Se remuscler la carcasse
Dans un tout autre registre il parle de la promenade à heure fixe, pratique de vie imitée de Kant, qui lui a permis de se remuscler la carcasse après l’accident qui l’avait laissé incapable de marcher : monter tous les jours dans les tours de Notre-Dame de Paris, d’où il pouvait voir les nombreuses flèches d’église, plantées comme des banderilles dans les toits :
Je me souvenais d’un récent débat national : nos hommes politiques avaient légiféré pour interdire que l’on dispose des crèches de Noël dans les mairies. Les flèches de la France chrétienne, elles, étaient encore debout. Les arracherait-on un jour pour satisfaire au principe de laïcité ? On faisait l’effort d’oublier que le pays avait des racines. Il restait les croix dans le ciel.
Aphorismes
Sylvain Tesson pratique tout au long de son journal l’aphorisme (Si l’aphorisme est un fragment, peut-on dire que j’ai trouvé des tessons ?). Le lecteur n’a que l’embarras du choix parmi tous ces tessons. Il en élira cependant quelques-uns, pour l’exemple, par affinités (quitte à se fustiger au passage : Internet: au commencement était le Verbe. À la fin était le blog…) :
Ne rien oublier en faisant sa valise et ne pas la prendre en partant.

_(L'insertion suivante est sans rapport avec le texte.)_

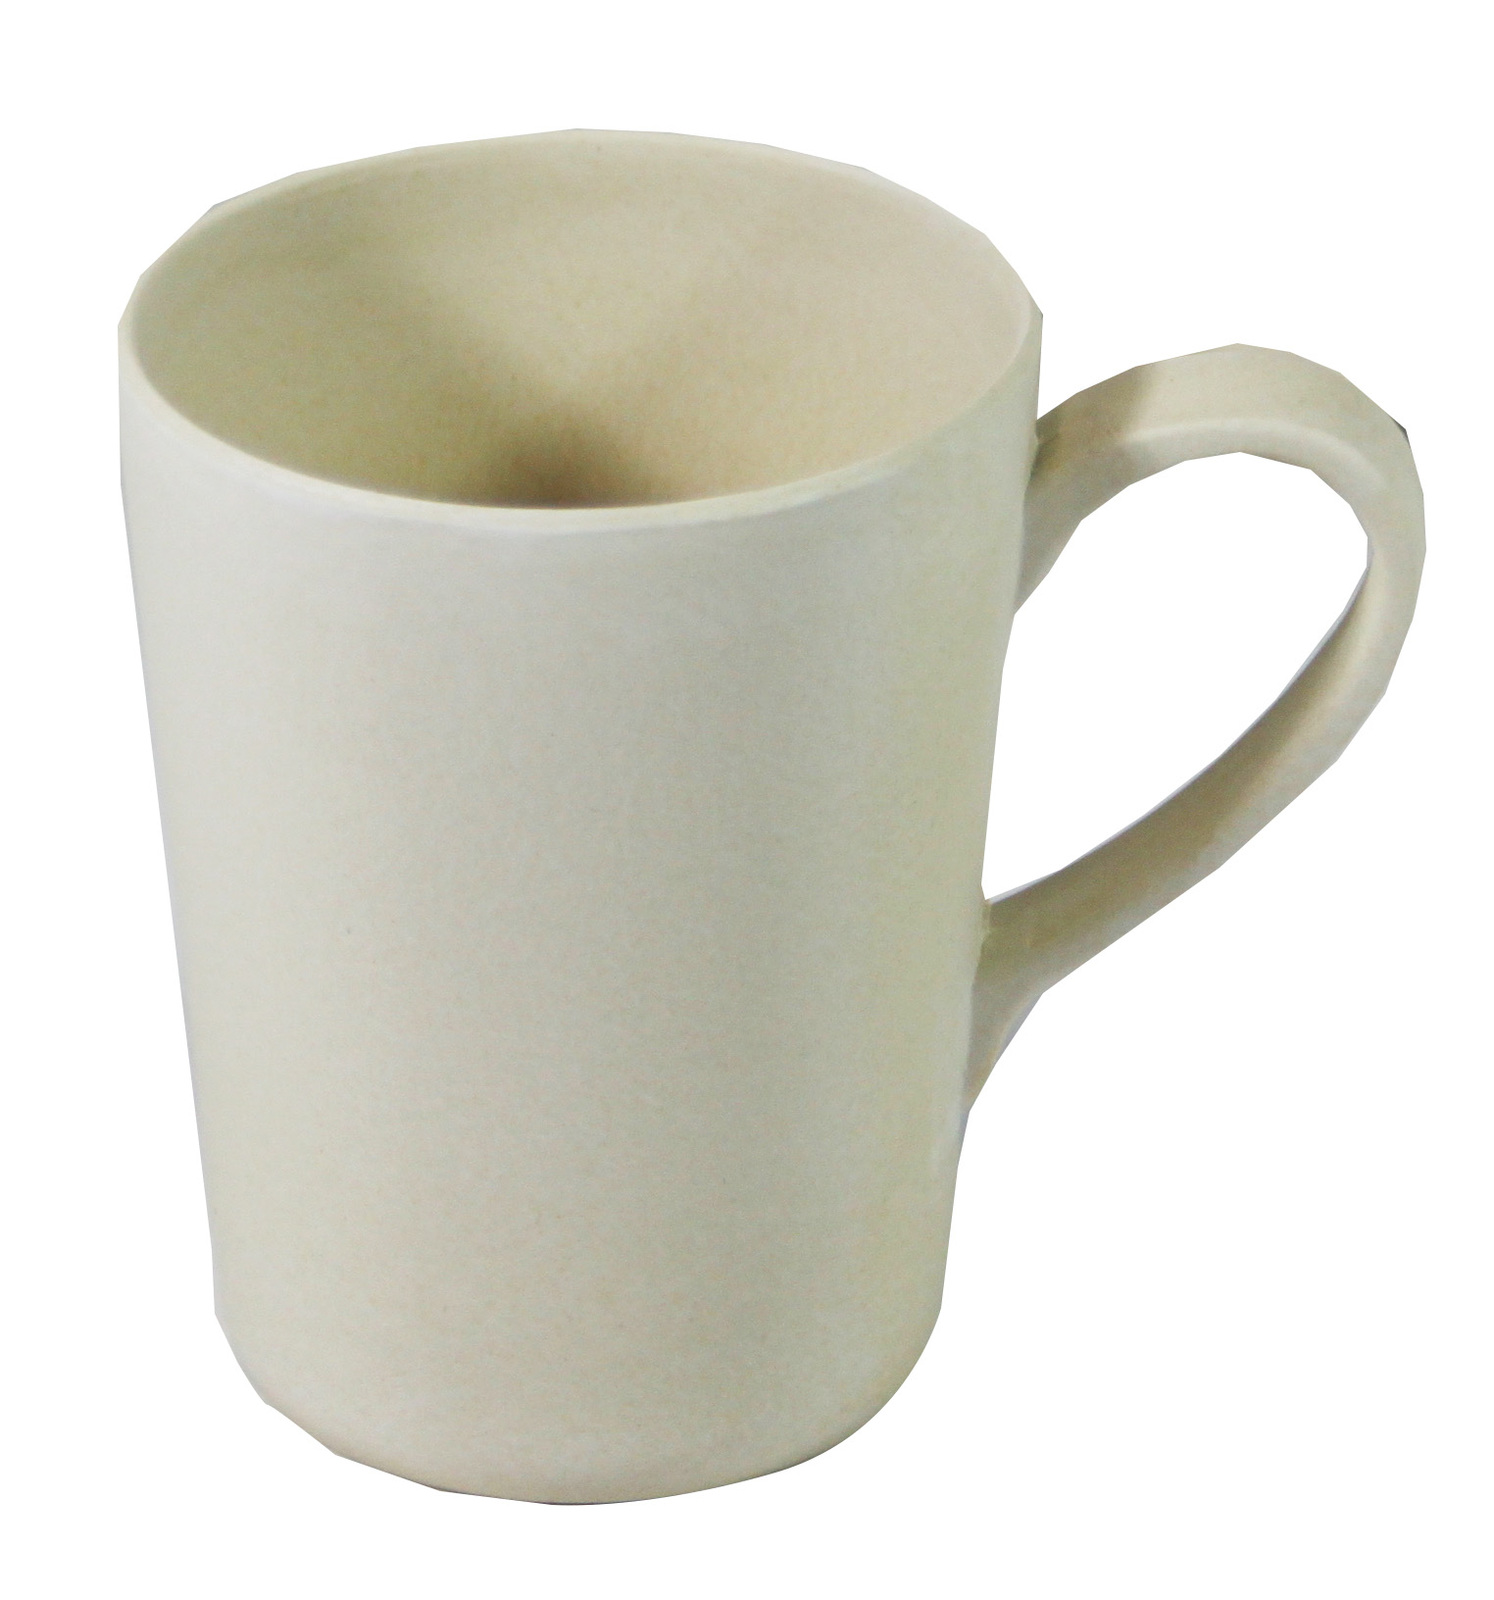 *SPECIAL: Bamboo Crockery Natural - Mug With Handle 365ml
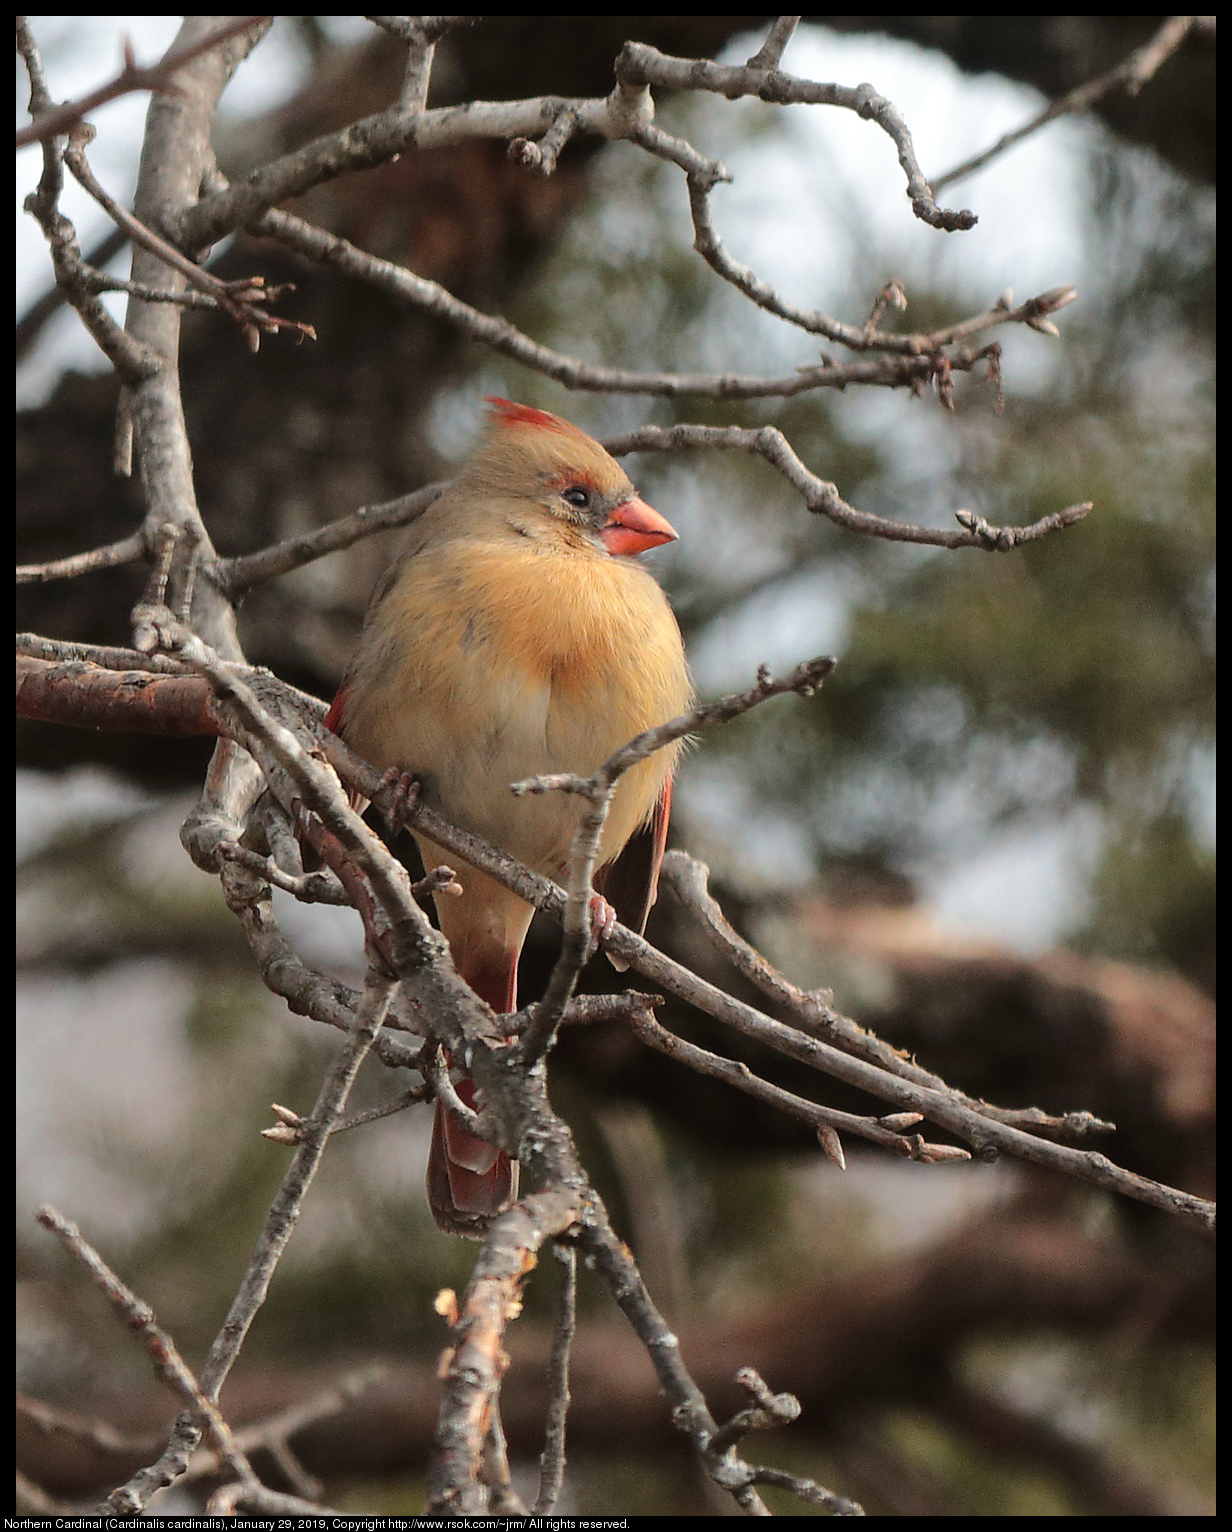 Northern Cardinal (Cardinalis cardinalis), January 29, 2019

Longtemps, j’ai lu la première phrase de Proust.
Nager, c’est s’entraîner à voler avant que la mer ne se retire.
Voter est tellement grotesque que les gens s’isolent derrière des rideaux.
Aphorisme : faire pardonner par la brièveté de sa formulation l’inconsistance d’un propos.
Sylvain Tesson, Une très légère oscillation, Éditions des équateurs, 2017, 230 pages.